WHAT TO DO> Give a verbatim copy of the lines below, minus the pictures.

MATERIAL PROVIDED>
____________________
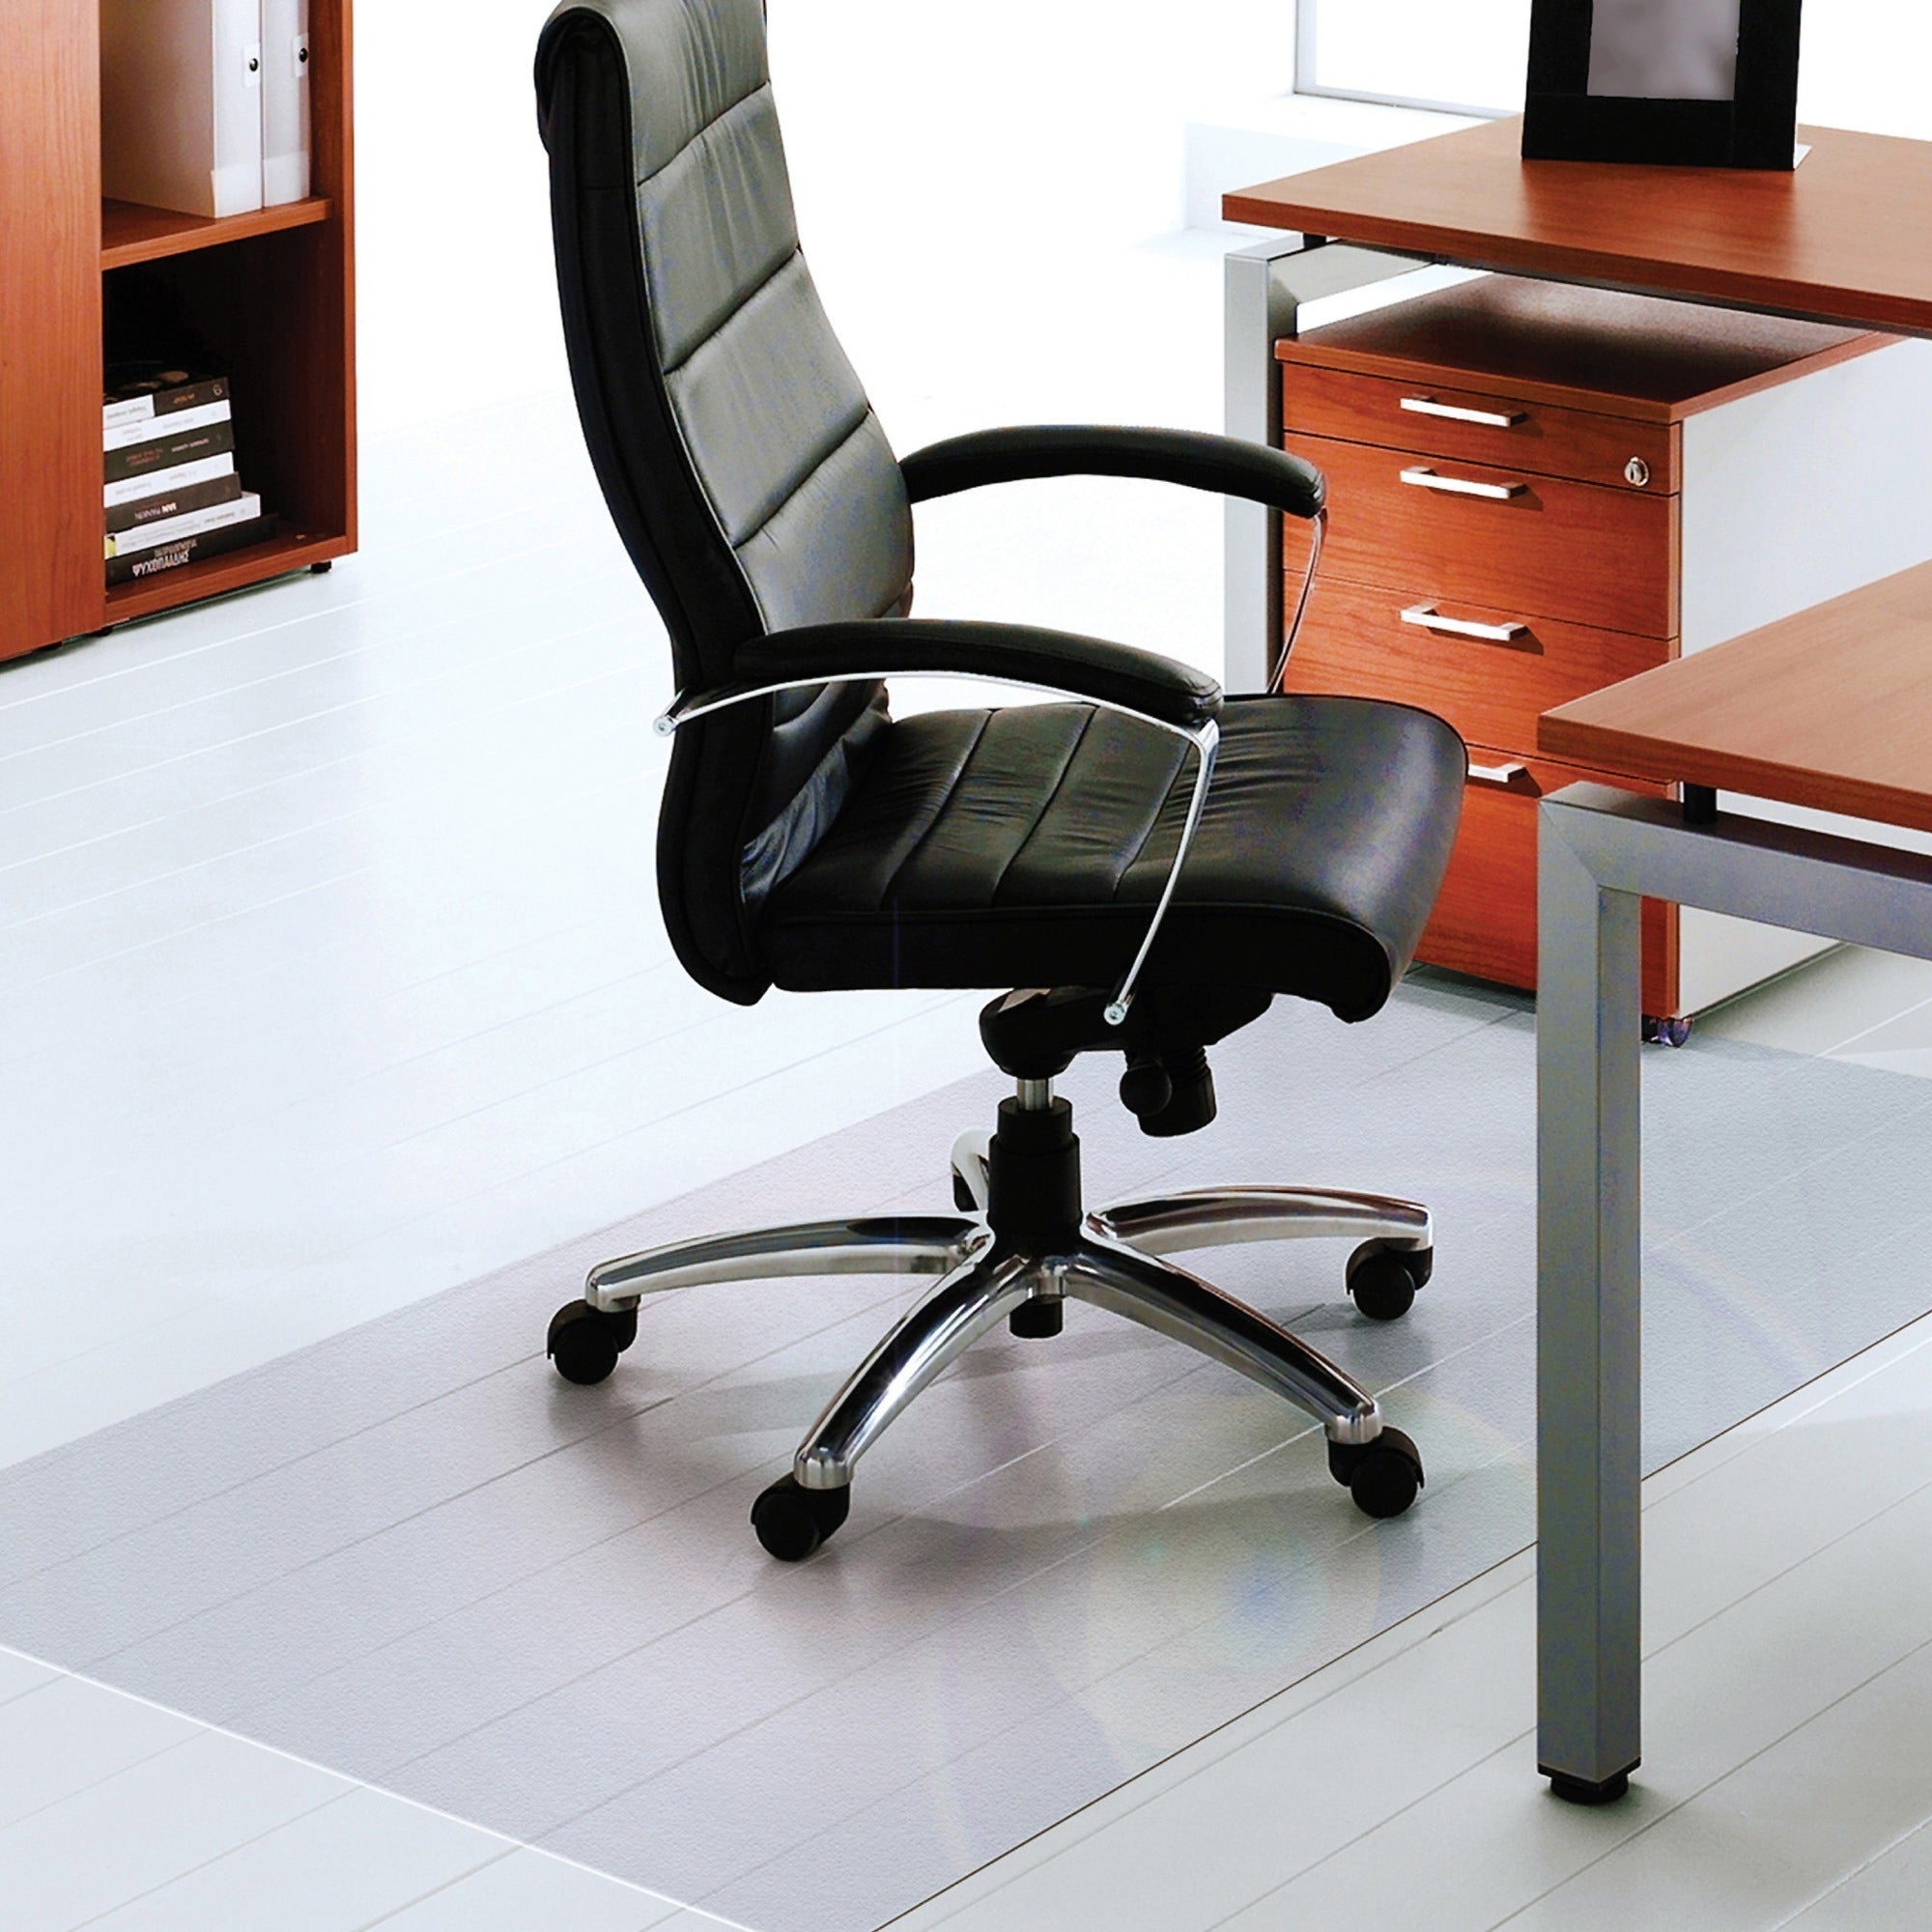 Ultimat XXL Polycarbonate Rectangular Chair Mat for Hard Floors - 60" x 118" - Clear XXL Rectangular Polycarbonate Chair Mat for Hard Floor - 118"L x 60"W x 0.075"D - 
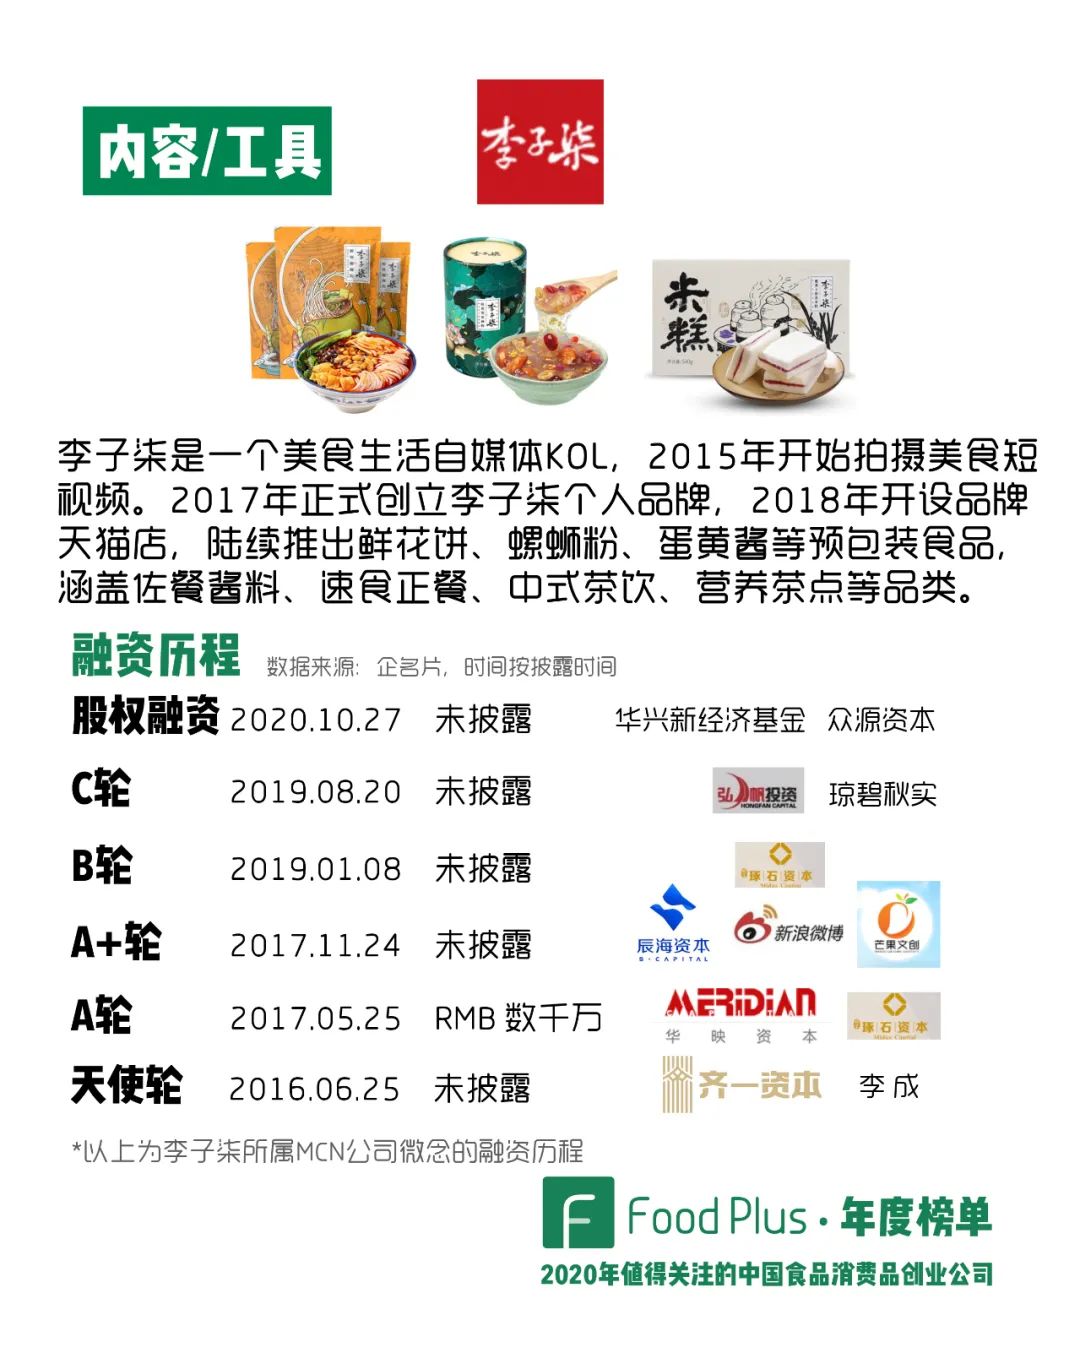 在《2019年值得关注的中国食品消费品创业公司 | FoodPlus·年度榜单》中，我们提到：
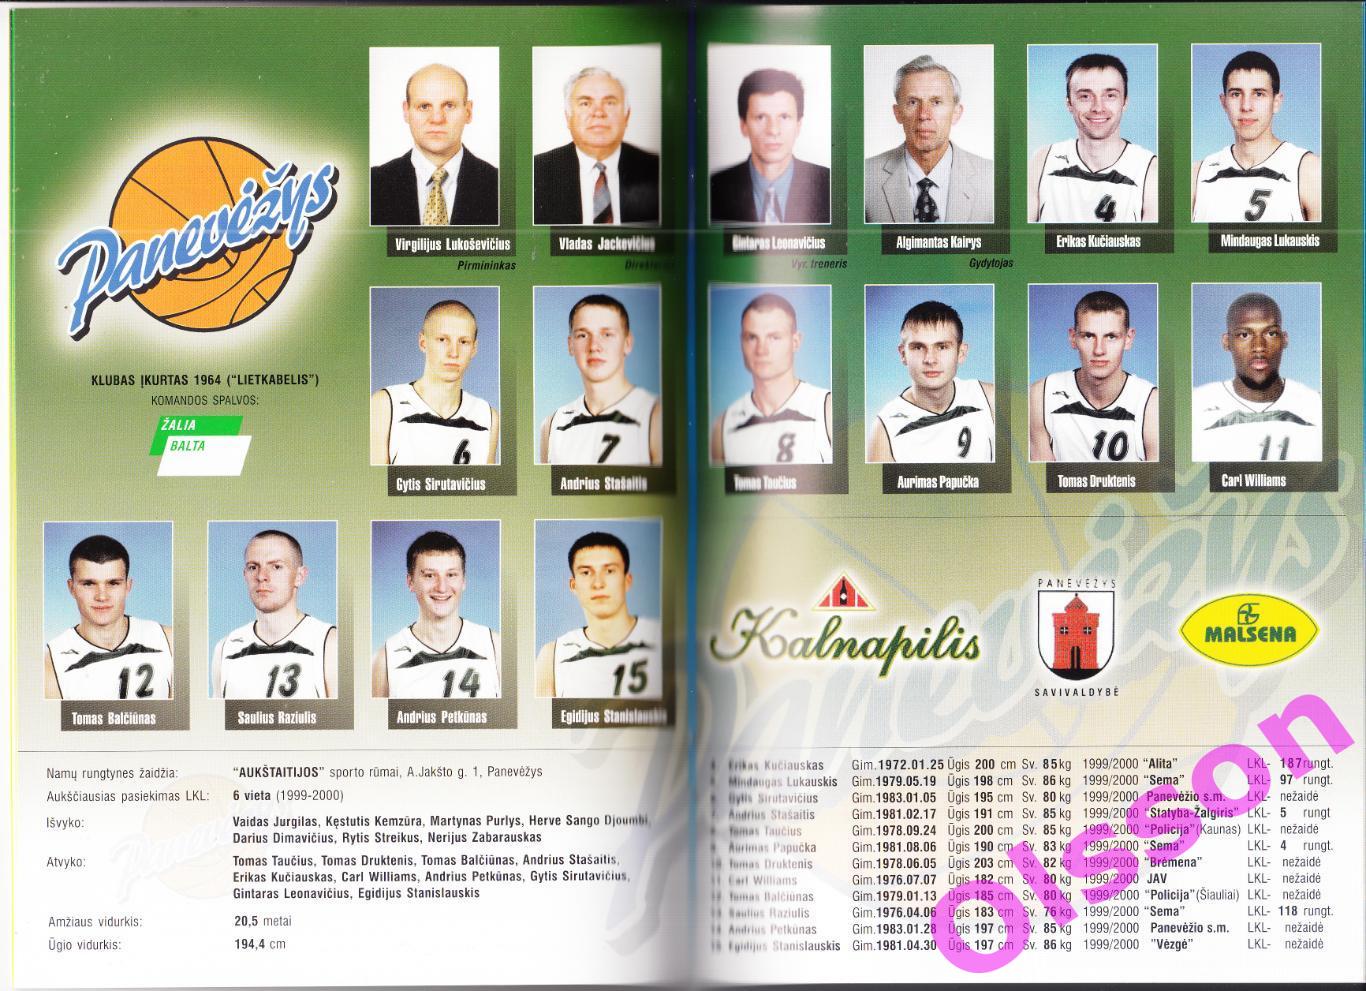 Баскетбол. Справочник Литва - 2000/2001. ( см. описание)* 1
____________________
RESPONSE TO THIS TASK>
 Ultimat XXL Polycarbonate Rectangular Chair Mat for Hard Floors - 60" x 118" - Clear XXL Rectangular Polycarbonate Chair Mat for Hard Floor - 118"L x 60"W x 0.075"D - 
 在《2019年值得关注的中国食品消费品创业公司 | FoodPlus·年度榜单》中，我们提到：
 Баскетбол. Справочник Литва - 2000/2001. ( см. описание)* 1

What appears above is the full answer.